Fibre of a sheaf of $\mathcal{O}_X$-modules.

Let $\mathcal{F}$ be a locally free sheaf of modules of rank $n$ over some complex manifold $X$.

To $\mathcal{F}$ we can associate a vector bundle call, $\pi: V \to X$.

The fiber of the sheaf $\mathcal{F}$ is $\mathcal{F}(x) := \mathcal{F}_x \otimes_{\mathcal{O}_x} k(x)$ where $k(x)$ is the residue field for some point $x \in X$. Note that this is definitely a vector space over $k(x)$.

Is $\mathcal{F}(x) \cong \pi^{-1}(x)$?

It seems like a basic question but I cannot find a straightforward answer.

Using the correspondence of between locally free sheaves of modules and vector bundles $\pi^{-1}(x) = \mathcal{F}_x / m_x \mathcal{F}_x$. We have the following:

$$\mathcal{F}_x / m_x \mathcal{F}_x \cong \mathcal{F}_x \otimes_{\mathcal{O}_x} \mathcal{O}_x/m_x' \mathcal{O}_x \cong \mathcal{F}_x / m'_x \mathcal{F}_x$$.
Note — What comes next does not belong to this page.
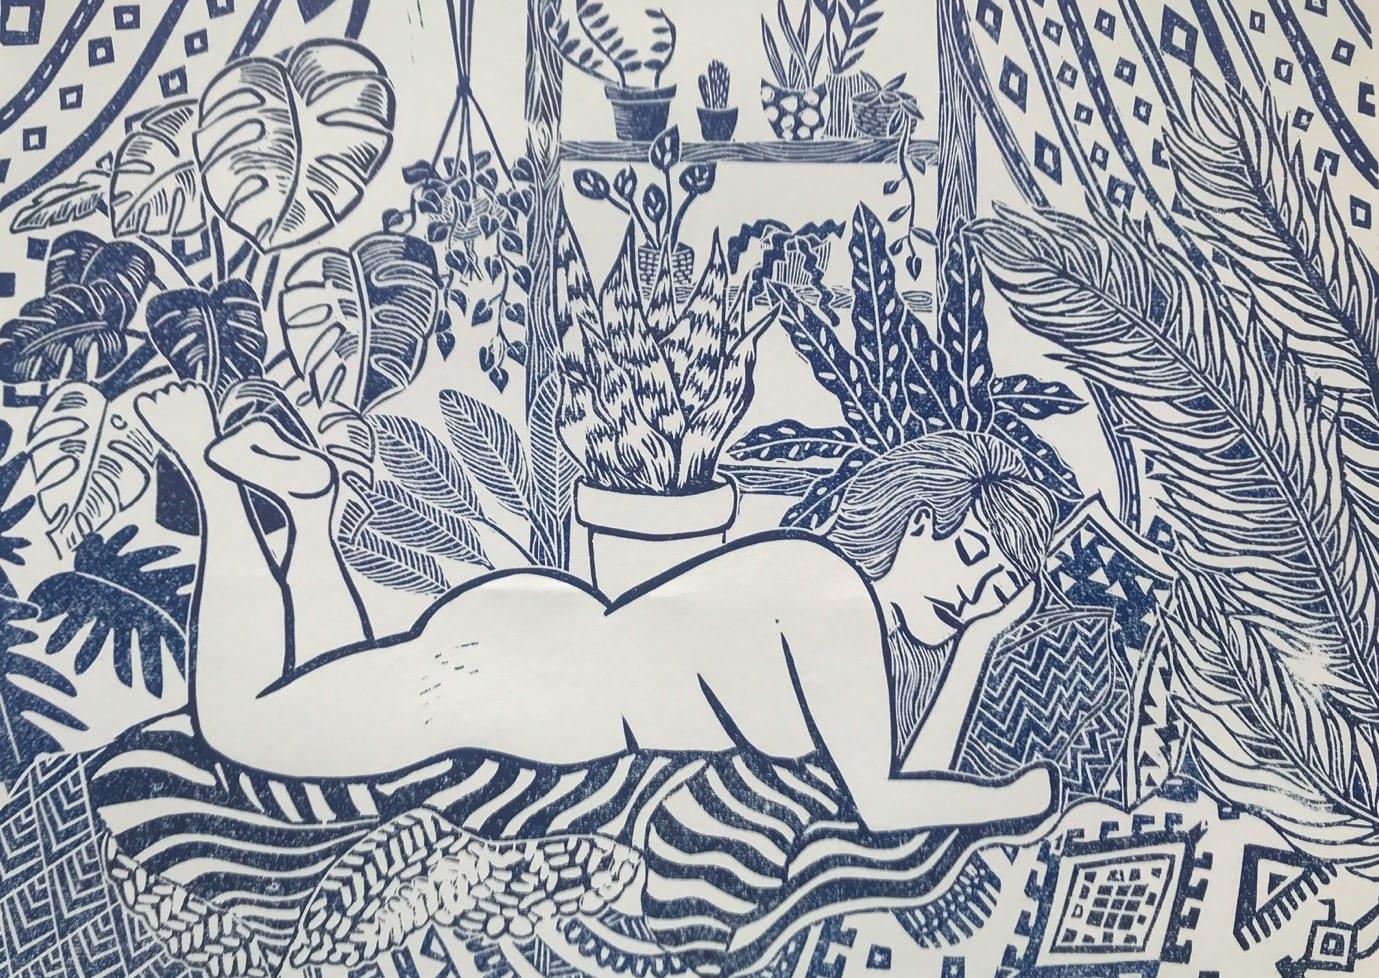 Lino print of naked lady lying amongst plants

Then this boils down to show that the maximal ideal's, $m'_x \subset \mathcal{O}_x$, acts on $\mathcal{F}_x$ as $m'_x \mathcal{F}_x= m_x \mathcal{F}_x$


Solution 1:

Yes, this is correct.

The Serre-Swan theorem gives an equivalence of categories between vector bundles and locally-free $\mathcal{O}_X$-modules of finite rank.

Under this equivalence, the pullback of vector bundles corresponds to the pullback of sheaves of $\mathcal{O}_X$-modules. In particular, for $x: \bullet \hookrightarrow X$ the inclusion of a point, the pullback functor on vector bundles $$x^*: \mathsf{Vect}(X) \to \mathsf{Vect}(\bullet) \cong k(x)\mathsf{Mod}$$ gives you the fibre of a vector bundle, and the pullback functor on sheaves of modules over locally ringed spaces $$x^*: \mathcal{O}_X\mathsf{Mod} \to k(x) \mathsf{Mod}$$ given by $\mathcal{F} \mapsto k(x) \otimes_{x^{-1} \mathcal{O}_X} \mathcal{F}$ gives you the fibre of the corresponding sheaf. With respect to the Serre-Swan equivalence, $x^* \mathcal{V}$ corresponds to $x^*V$.